_What to do_: Only one part of the listing is needed: the lines from the one with "Colmeia Organizadora –" through the last line, copied exactly and free of pictures.

[Opening Dataset excerpt section]

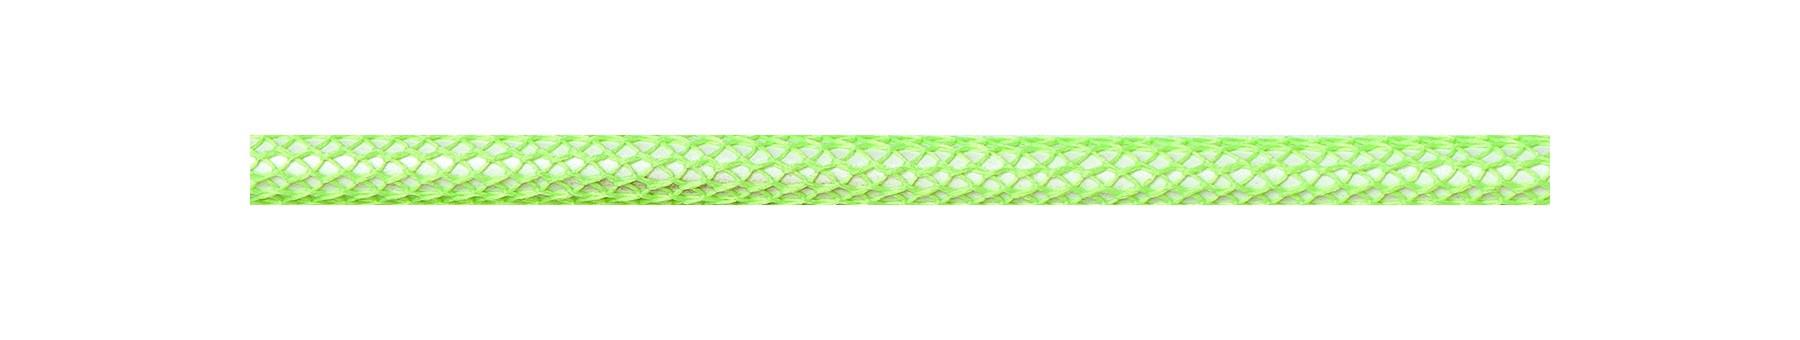 Textilkabel Neon Grün Netzartiger Textilmantel
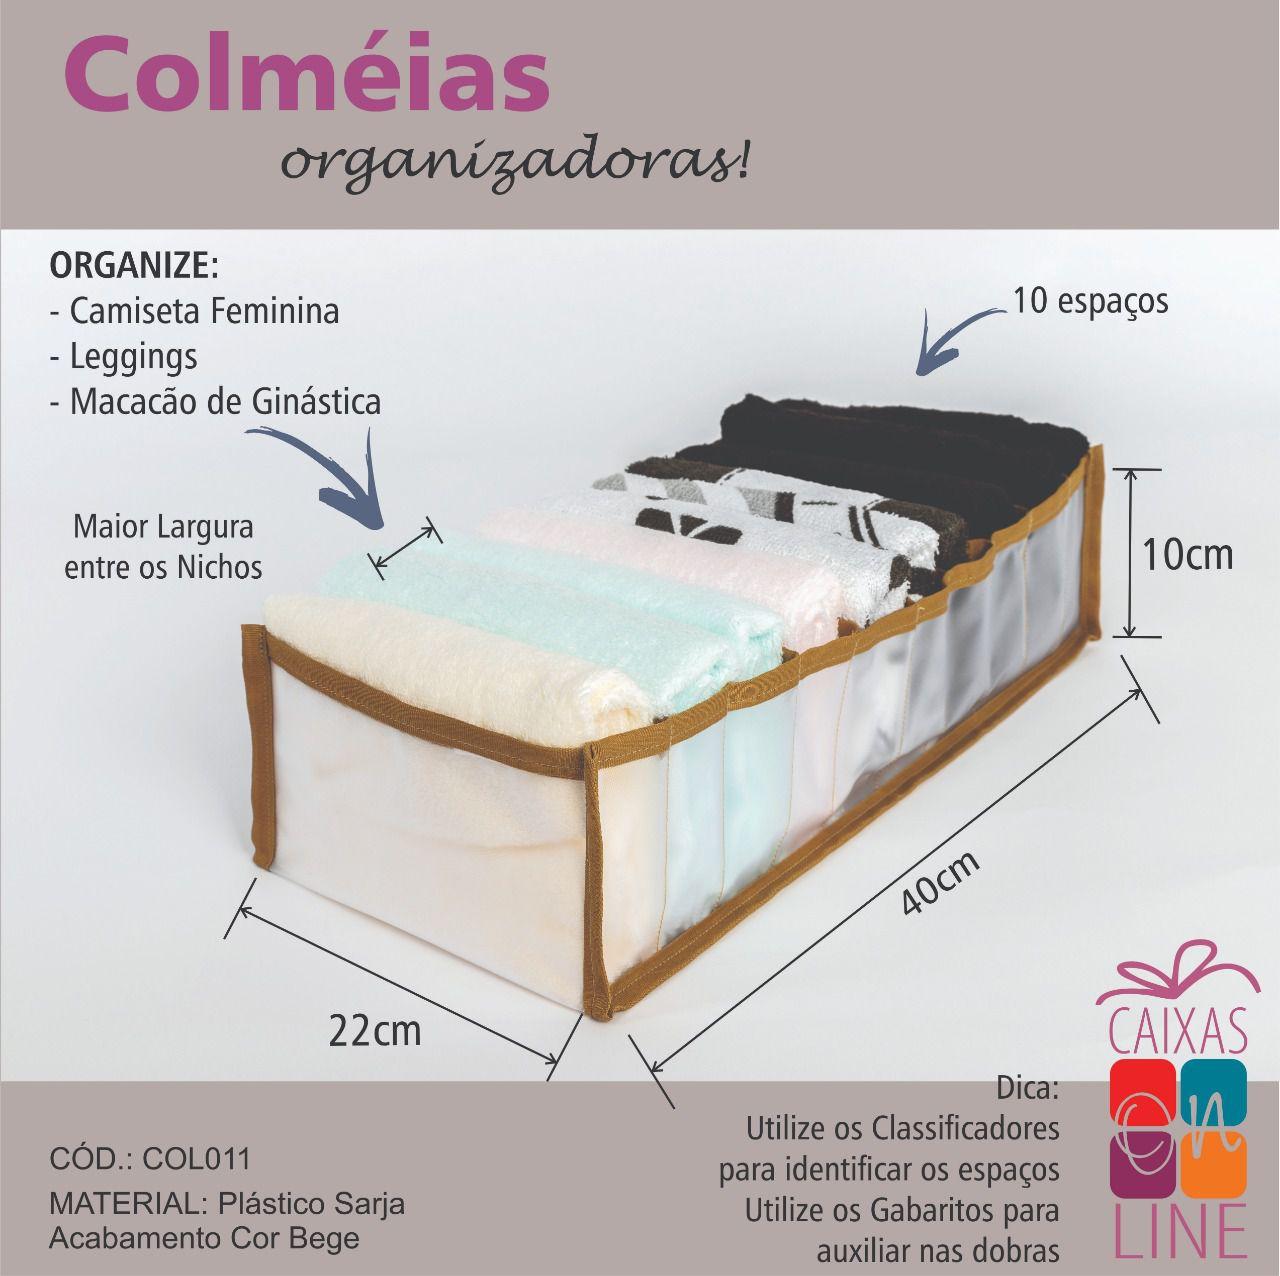 Colmeia Organizadora – Camiseta Feminina/ Legging/ Macacão Ginástica (BEGE)
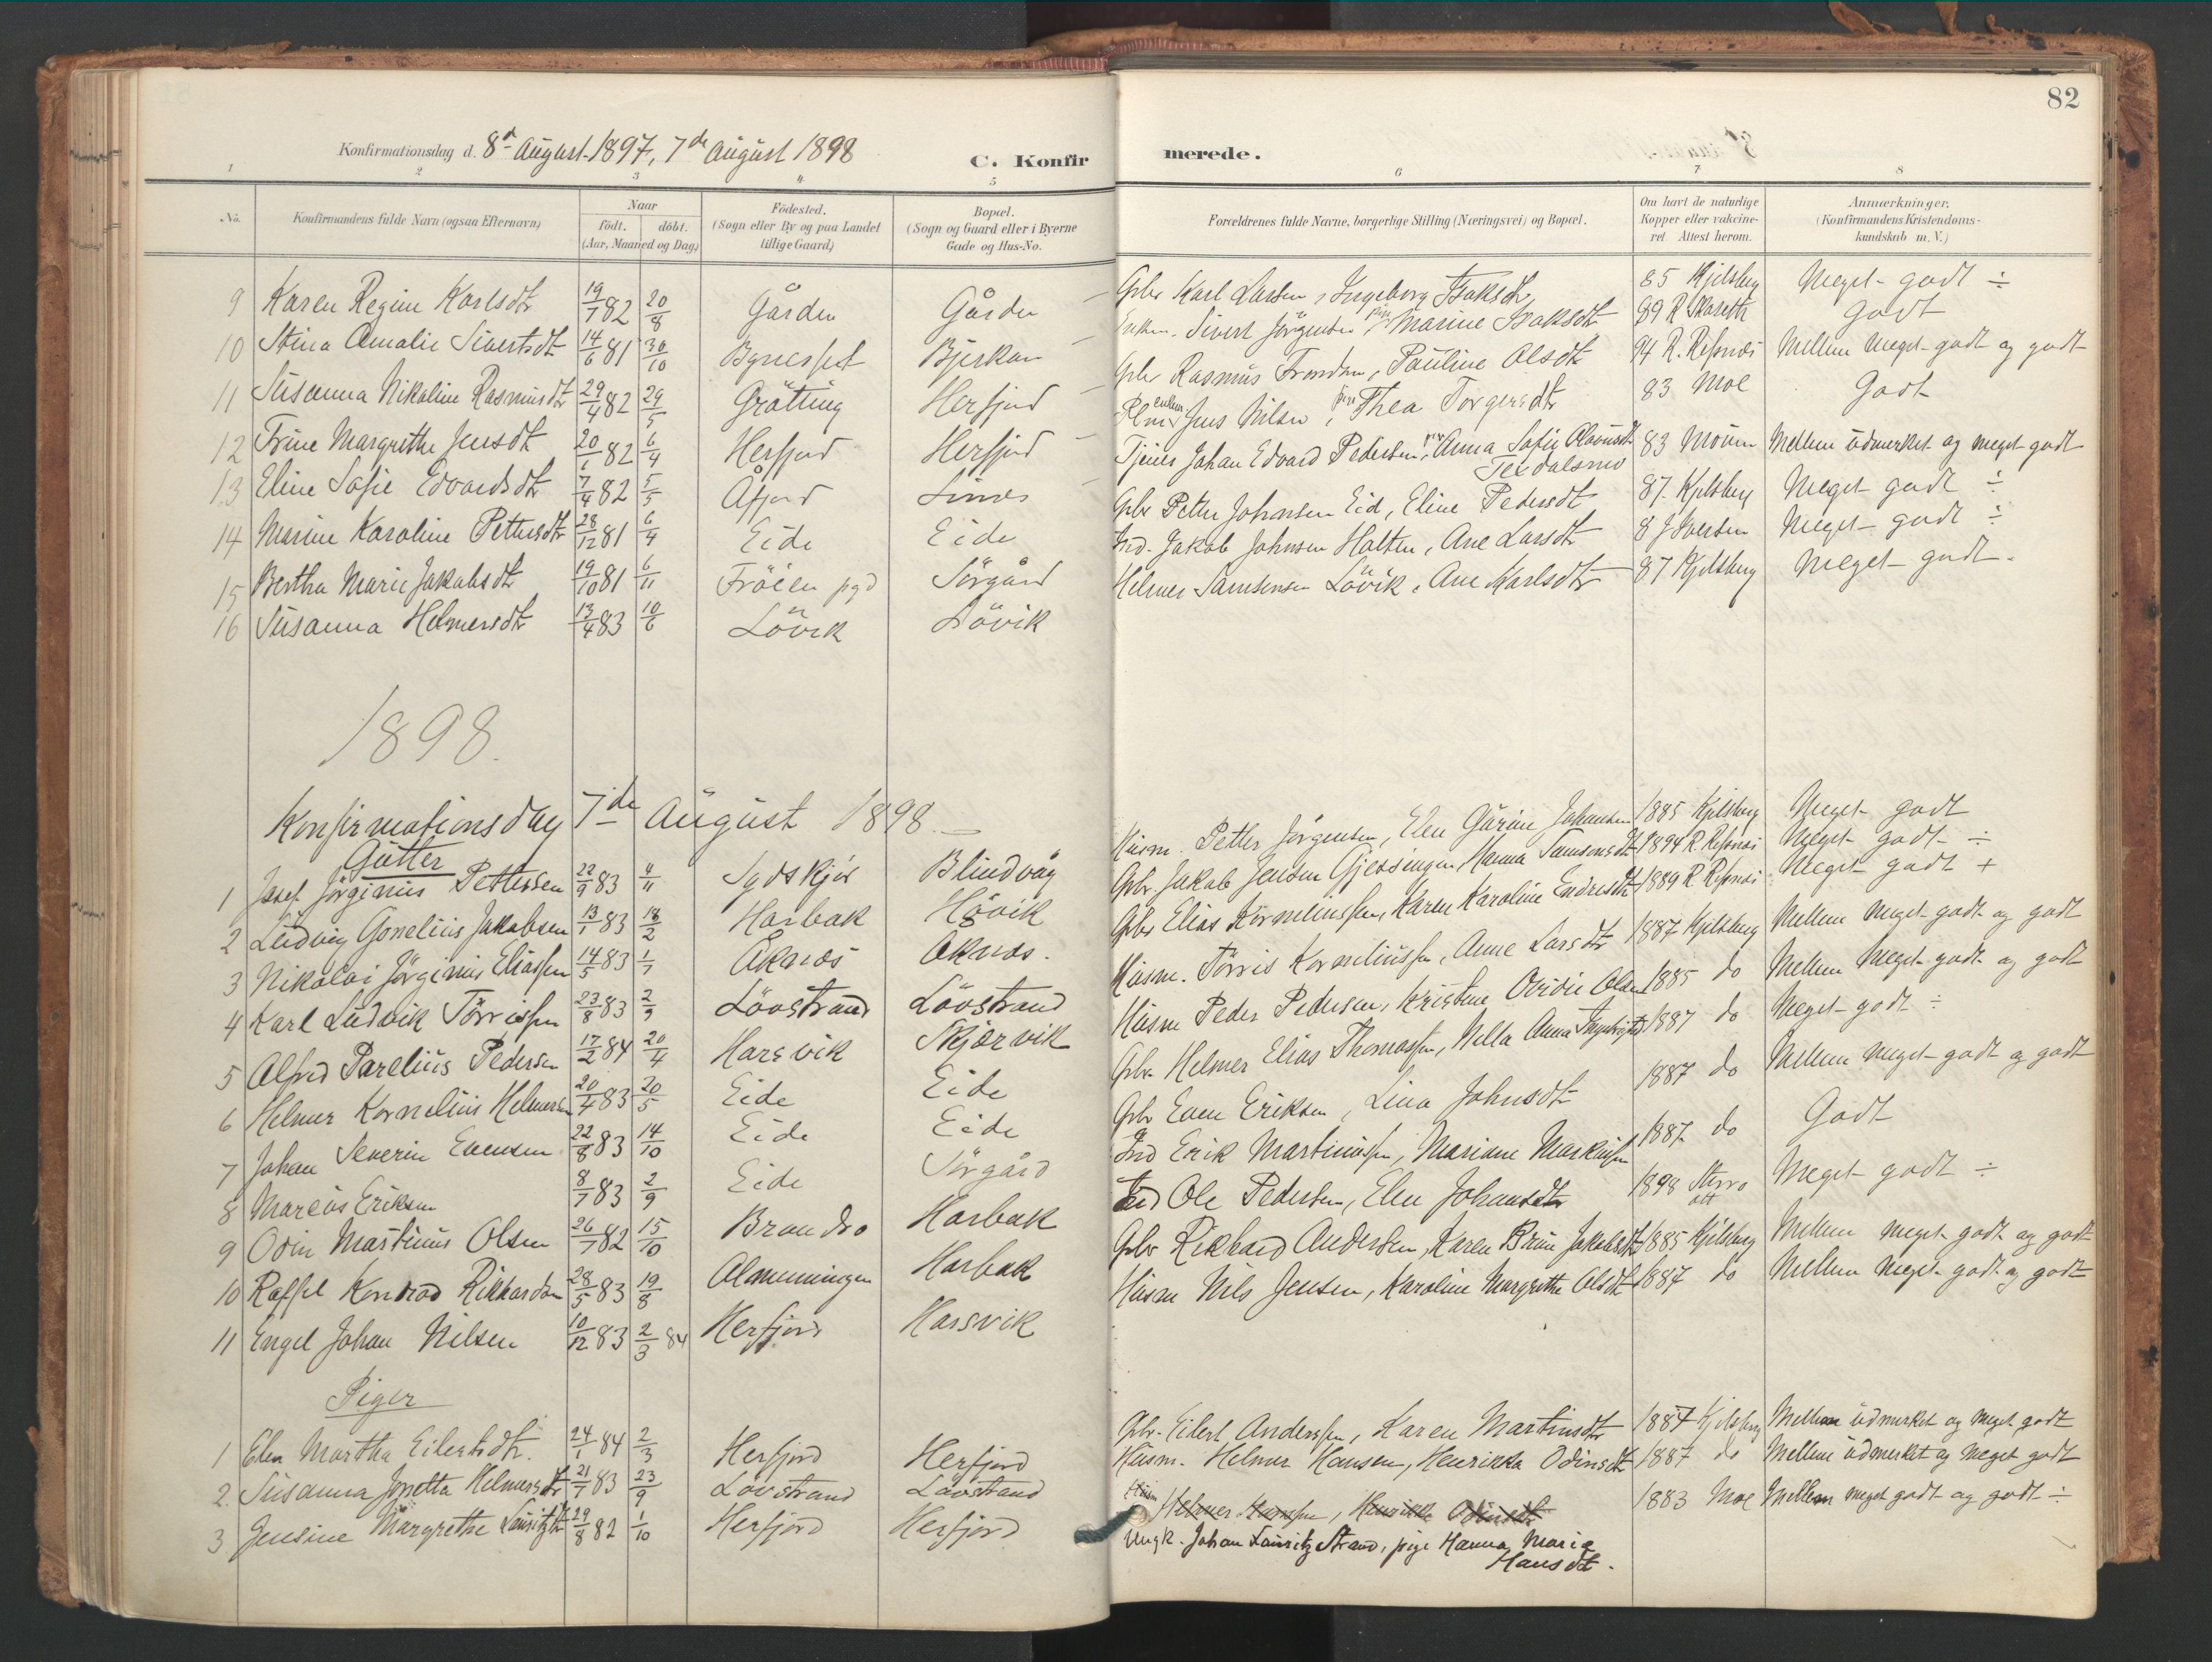 SAT, Ministerialprotokoller, klokkerbøker og fødselsregistre - Sør-Trøndelag, 656/L0693: Ministerialbok nr. 656A02, 1894-1913, s. 82

[Closing Dataset excerpt section]

_Task output_:
 Colmeia Organizadora – Camiseta Feminina/ Legging/ Macacão Ginástica (BEGE)
 SAT, Ministerialprotokoller, klokkerbøker og fødselsregistre - Sør-Trøndelag, 656/L0693: Ministerialbok nr. 656A02, 1894-1913, s. 82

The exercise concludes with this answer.